简体繁体 English

用Lucene索引zip文件

[英]Indexing zip files with Lucene

原文 2013-02-15 05:46:20 0 1 java/ lucene

Is it possible to index zipped folders in lucene. 是否可以在lucene中索引压缩的文件夹。 If i unzip it the content is too large. 如果我将其解压缩，则内容太大。 If i just index the bunch of zipped folders containing textfiles, The serach does not work properly. 如果我只是索引包含文本文件的一堆压缩文件夹，则Serach无法正常工作。 Is it possible for lucene to index with out extracting the zip file. Lucene是否可以在不提取zip文件的情况下进行索引。

1 个解决方案

Lucene is just a search library and there's no way it can "know" every possible scenario - eg how to index XML documents, word files, files inside .zip, files created by Chernobyl power plant, etc. Lucene只是一个搜索库，它无法“知道”所有可能的情况-例如如何索引XML文档，Word文件，.zip中的文件，切尔诺贝利电厂创建的文件等。

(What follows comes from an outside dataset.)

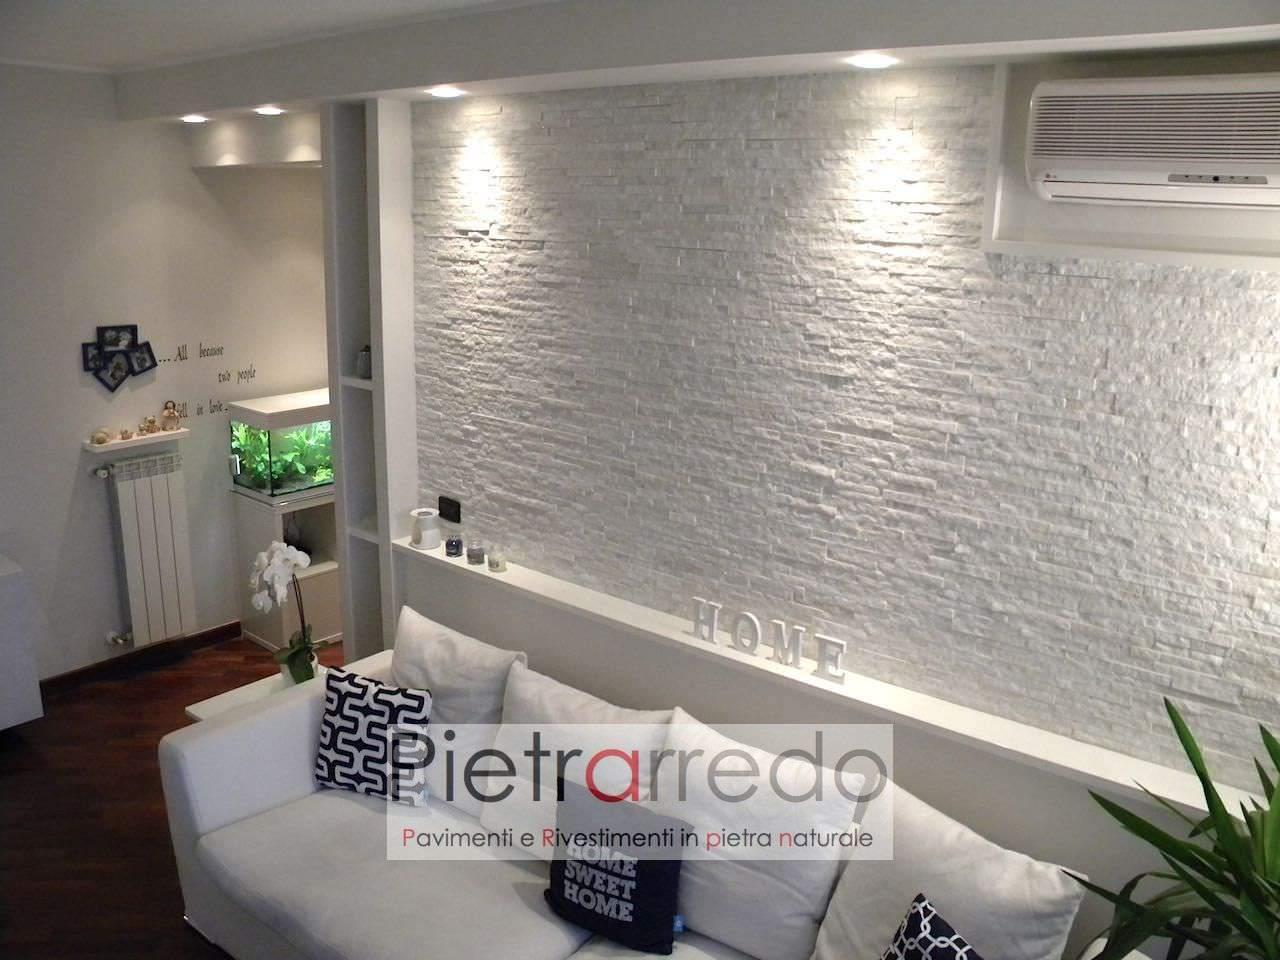 Rivestimento pietra quarzite bianca 50 43 metro quadro - Listelli decorativi per bagno ...

But what Lucene does it to provide the API for you to hook your data into Lucene. 但是Lucene所做的是为您提供API来将数据连接到Lucene中。

If unzipping the contents of the archive file is not an option, you could write a class that reads the zip file (but does not unzip it on the disk) and feeds this data into Lucene. 如果无法解压缩存档文件的内容，则可以编写一个类来读取zip文件（但不将其解压缩到磁盘上）并将该数据输入Lucene。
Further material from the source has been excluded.